Also see our care home review for Elsenham House Nursing Home for more information

This inspection was carried out on 18th June 2005.

CSCI has not published a star rating for this report, though using similar criteria we estimate that the report is Adequate. The way we rate inspection reports is consistent for all houses, though please be aware that this may be different from an official CSCI judgement.

The inspector found no outstanding requirements from the previous inspection report, but made 1 statutory requirements (actions the home must comply with) as a result of this inspection.

What follows are excerpts from this inspection report. For more information read the full report on the next tab.

What the care home does well

The staff are keen to move forward and adhere to regulatory activities. The staff are anxious to ensure the safety of the service users.

What has improved since the last inspection?

What the care home could do better:

The home needs to retain qualified members of staff - especially managers - as this would also encourage a more cohesive team. The provider needs to ensure that all staff members have clear job descriptions and that they understand the roles for which they have been employed. The service needs to improve the provision of activities especially at the weekends when the residents are not attending their various jobs and attending further education courses.

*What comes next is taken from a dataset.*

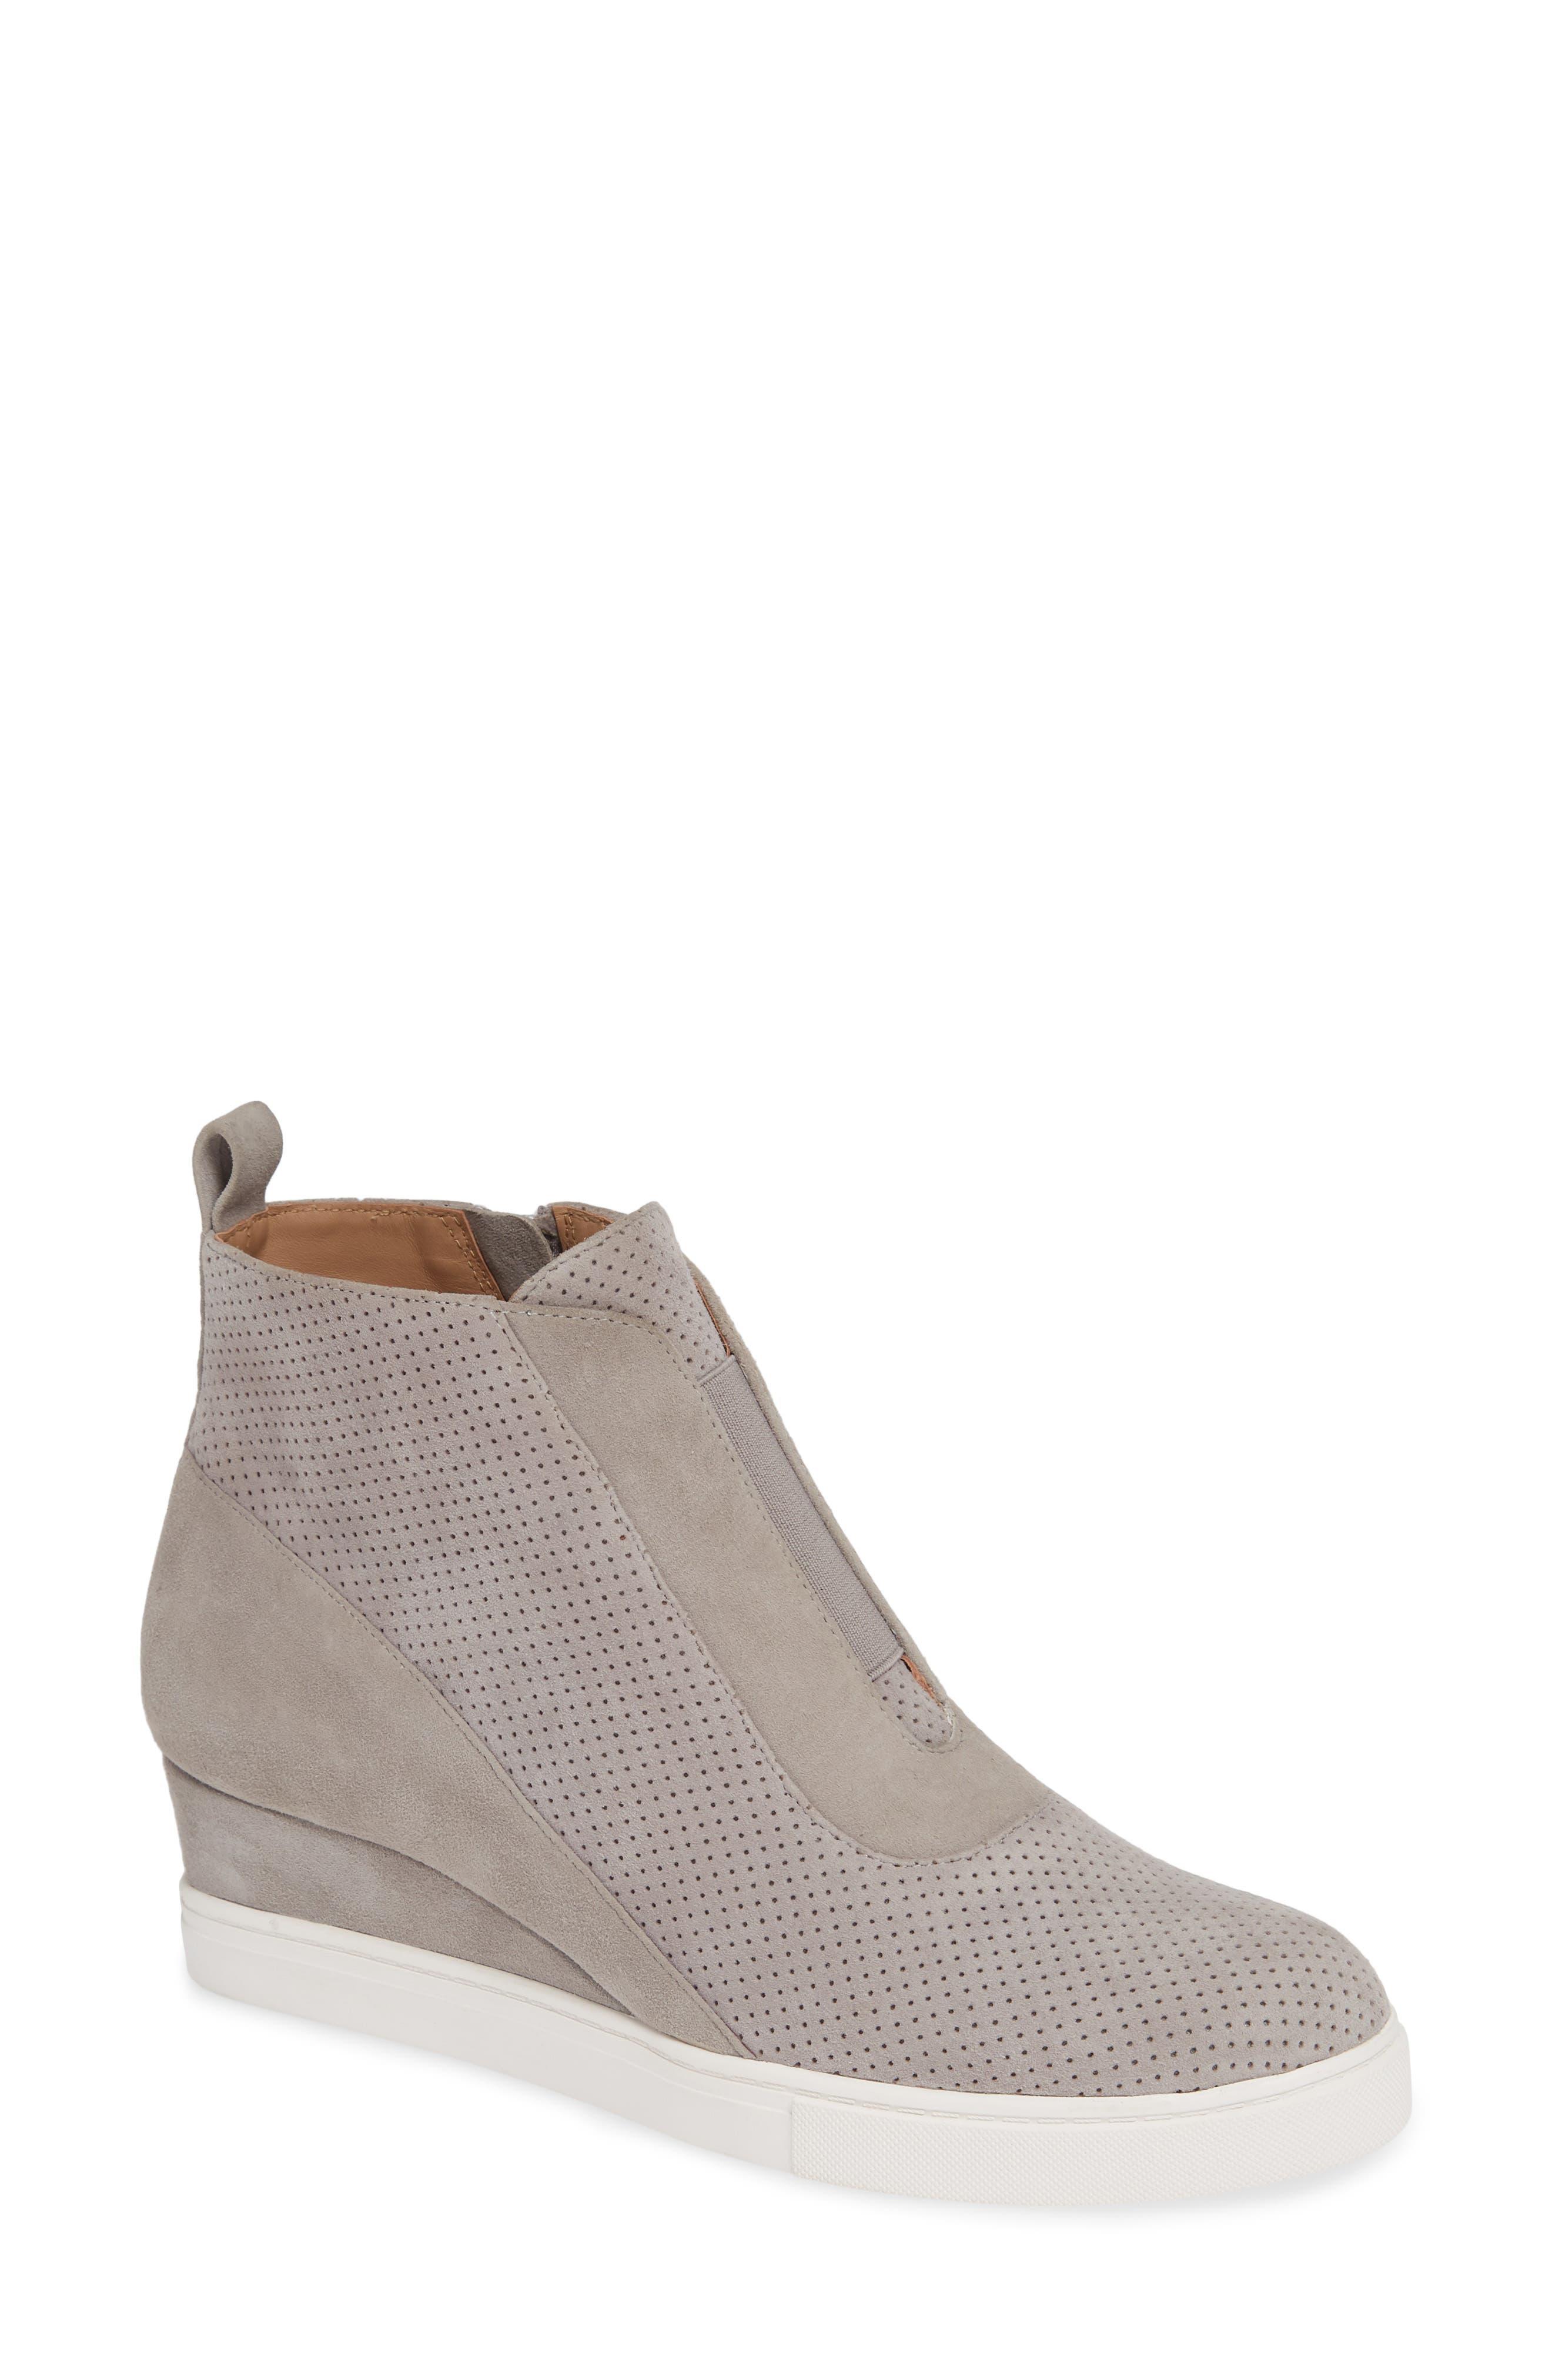 LINEA PAOLO Anna Wedge Sneaker, Main, color, ROCK PER SUEDE

The home must consider an on call system where said members of the staff team are nominated to be on call: not the hit and miss system that is in place at the moment where someone who lives close to the home might be available. The service must consider a more appropriate place to store the Nomad Medicine cassettes, as they are left on the desk in the office at the moment: although the office is locked, a constant stream of residents access this office thus presenting a safety hazard in relation to the storage of these medicines.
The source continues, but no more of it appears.